Emerging AI/machine learning technologies are creating tsunami-sized waves, particularly when it comes to data retrieval and distribution. Our realities are drawing closer to what would have once been seen as a fantasy realm.
It is getting easier and easier to imagine a world where AI does it all– and in the context of employment screening, it may seem like this would be a beneficial thing. AI data retrieval, reporting, and support could feasibly save employers time, money, and headache.
However, this isn’t true when considered at its extremes.
While AI certainly benefits the consumer reporting space, a total AI takeover could prove disastrous.
Where AI Falls Short
1. Implementation and Training
Implementing a screening program can be quite involved depending on the size and needs of an organization. When establishing the infrastructure of a dynamic process, it is best to do it the right way the first time.
Some organizations require advanced integrations and manage their hiring from multiple locations. APIs must be written and connected while user hierarchies/permissions are established with key contacts.
While some of these functions could be automated and left to AI, it would require a fair amount of technical expertise on the end user’s part.
When it comes to implementation and onboarding training, human-to-human interaction can reduce confusion and wasted time while yielding better results.
2. Platform and Client Support
Our account managers and researchers frequently communicate with client POCs to explain certain functionalities within our system and provide insights into the finer details of a file.

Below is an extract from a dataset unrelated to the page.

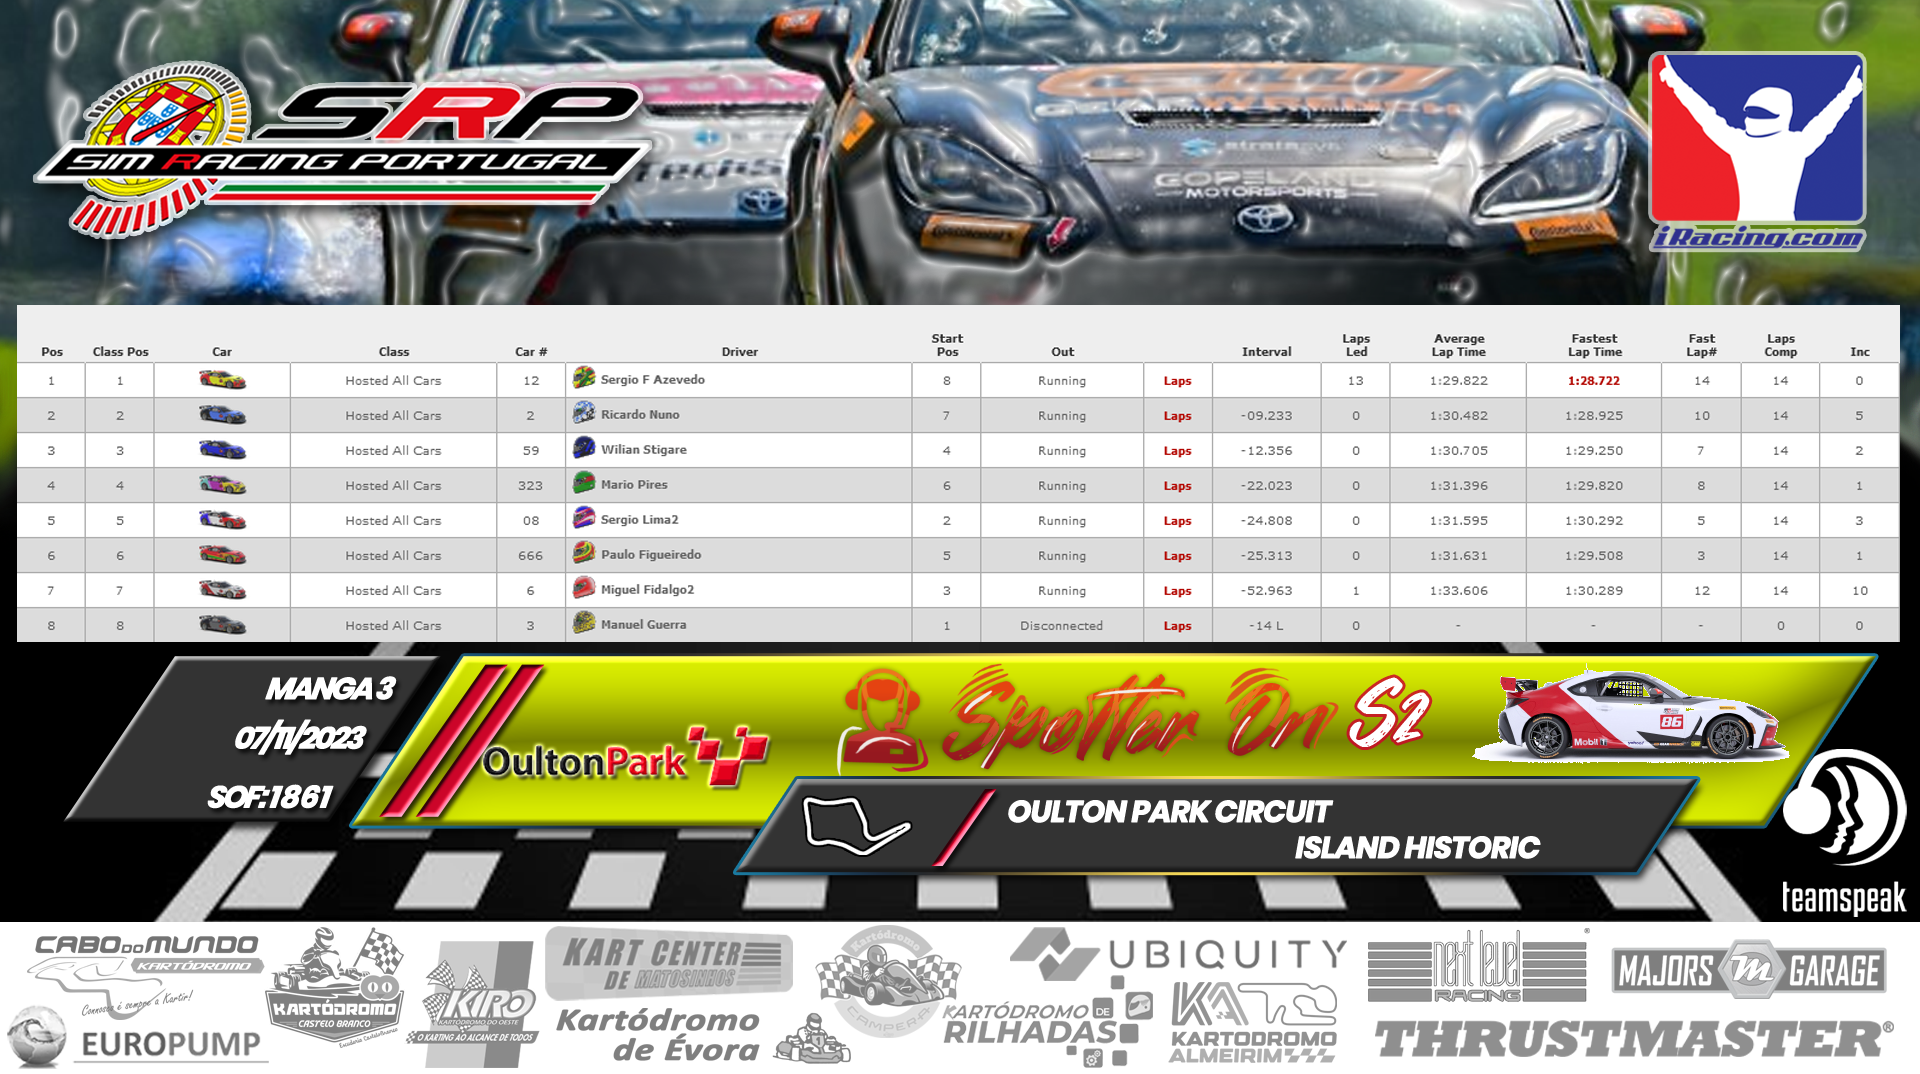 [Image: RaceResults-SpotterOnS2-3-1.png]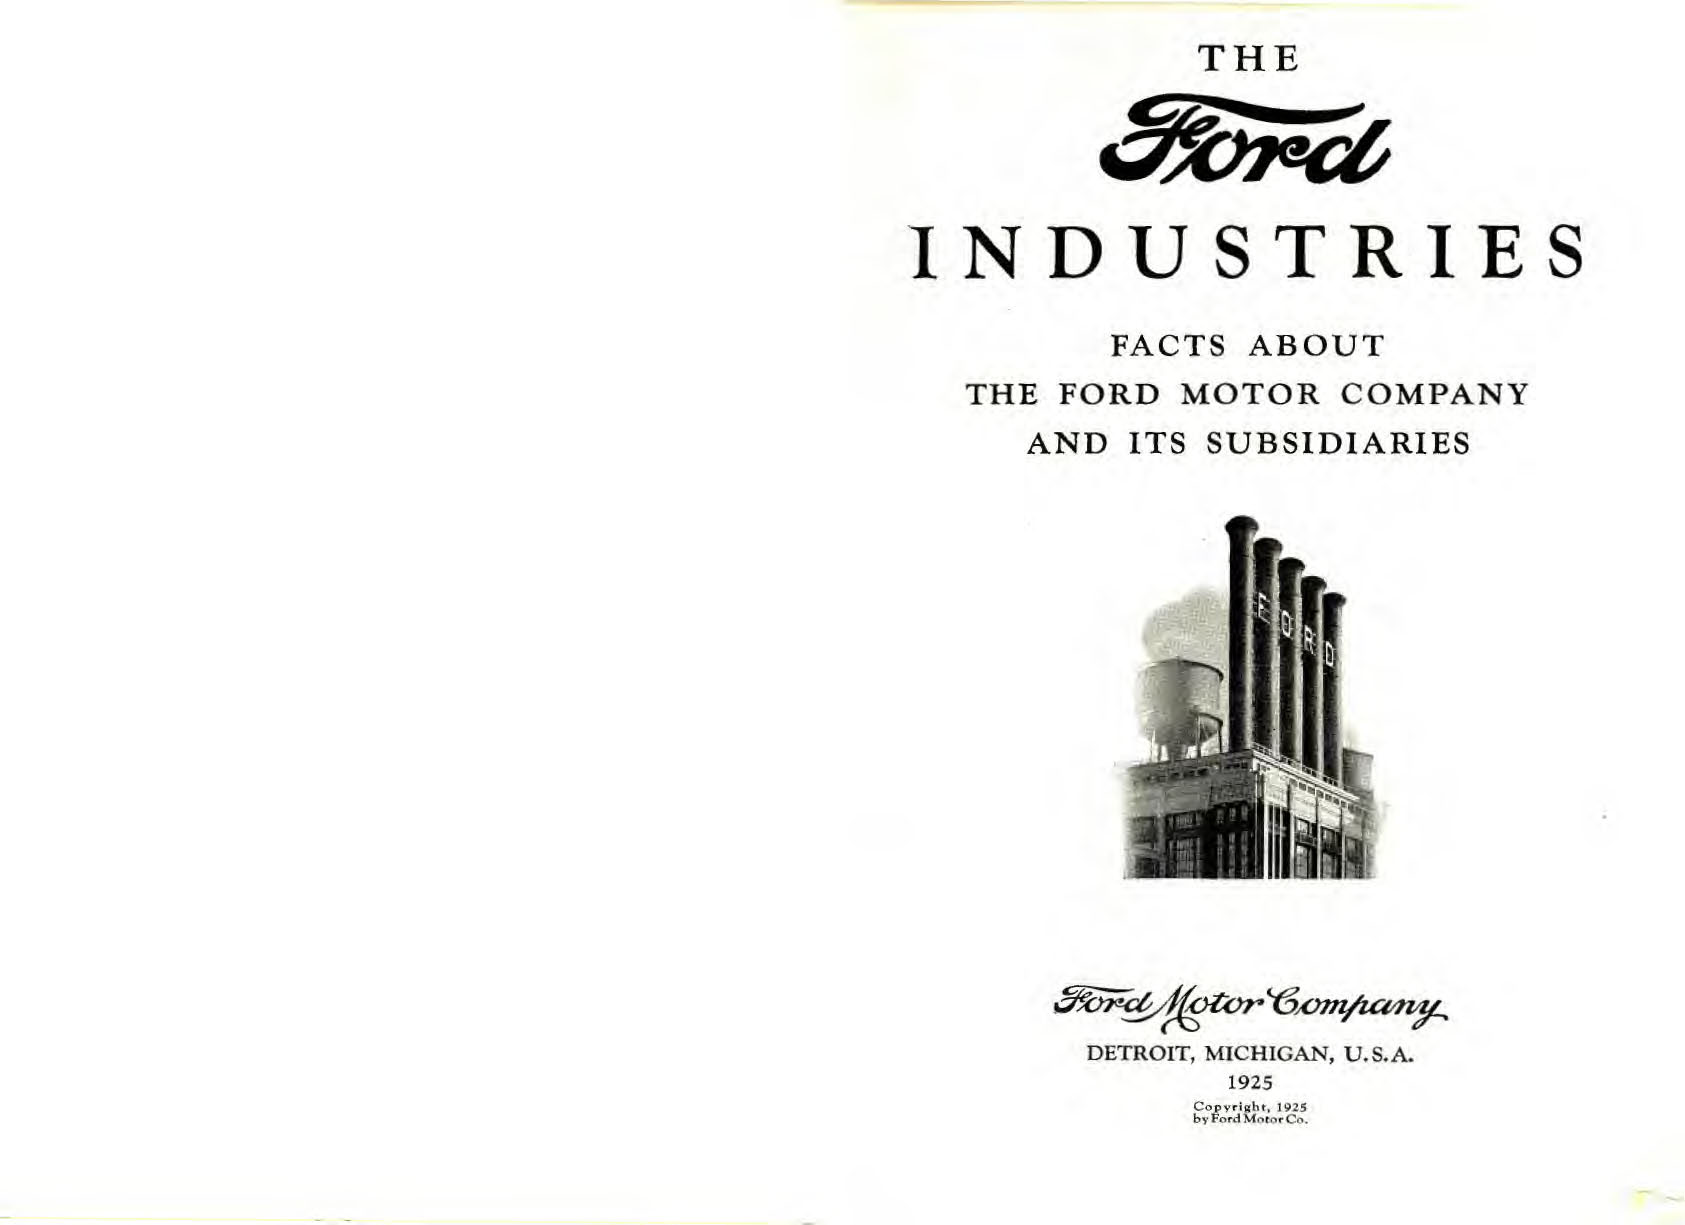 1925_-The_Ford_Industries-002-003

Despite having digital resources available to address most needs, many still prefer to receive quick, situation-specific help from a human expert. Technology rarely hits the nail on the head when attempting to observe nuance and seldom provides reassurance during a stressful situation. This is especially true when dealing with matters of compliance.
Speaking generally, chatbots and resource libraries will never be as convenient or effective as human support.
3. Discernment and Outreach
At times, there are inconsistencies in background screening data. Perhaps the name of a relative finds its way onto an individual’s social security report or the names and dates of birth match on a criminal record, but, given the location of the crime, the candidate seems to be an unlikely perpetrator.
These are just two of many examples that criminal screening researchers encounter daily. Data isn’t always cut and dry, and further investigation from a human expert is often necessary.
At times, additional information is required from the candidate, such as a photo to compare against a mugshot or additional identifier information. Leaving this decision-making and follow-up to technology would lead to suboptimal outcomes more often than not.
4. Candidate Support
One of the significant bottlenecks for an all-AI screening solution would appear on the candidate side.
Sometimes, there is a fair amount of vendor-to-candidate interfacing.
When a candidate has a question or is concerned about their ability to obtain employment due to the status or results of their background check, they aren’t likely keen on talking the matter through with a computer. AI candidate support would lead to more work and headache for the employer.
Candidates need a calm, informed, and helpful person to talk to.
5. Dispute Handling
Disputes are unavoidable.
Sometimes, candidates take issue with something on their report, and whether the claim is legitimate or frivolous, a formal dispute process becomes necessary.
Due to dispute legal issues and risks, this process should remain human.
Proper dispute handling and re-investigation require attention, expertise, and communication with all parties involved.
Learn more about how Peopletrail handles disputes here.
For background screening providers, technology is a tool that must be strategically leveraged to yield the most desirable outcomes. The same is true with human expertise. Technology and human expertise must run parallel, or there will be problems.
Strictly human processes can lead to the following:
- Slow turnaround times (due to internal process inefficiencies)
- Human error
- Workload vulnerability
- Poor data aggregation agility
- Labored ordering, reporting, billing, etc.
Strictly AI processes can lead to the following:
- Implementation issues
- Uniformed or ineffective support
- Confusing or inflexible troubleshooting
- Poor candidate experience
- Compliance concerns
In short, AI’s contributions to employment screening processes will continue to provide increasing benefits. That said, it is still difficult to envision a time when humans won’t stand on equal footing.
The industry’s intricacies make it nearly impossible for technology to account for all the case-by-case nuances. A workable machine-learning screening solution that could perform the more human tasks of the trade is an ambitious ask.
Moral of the story: technology is not always a suitable replacement for human expertise. Employment screening will continue to be a human industry long into the future.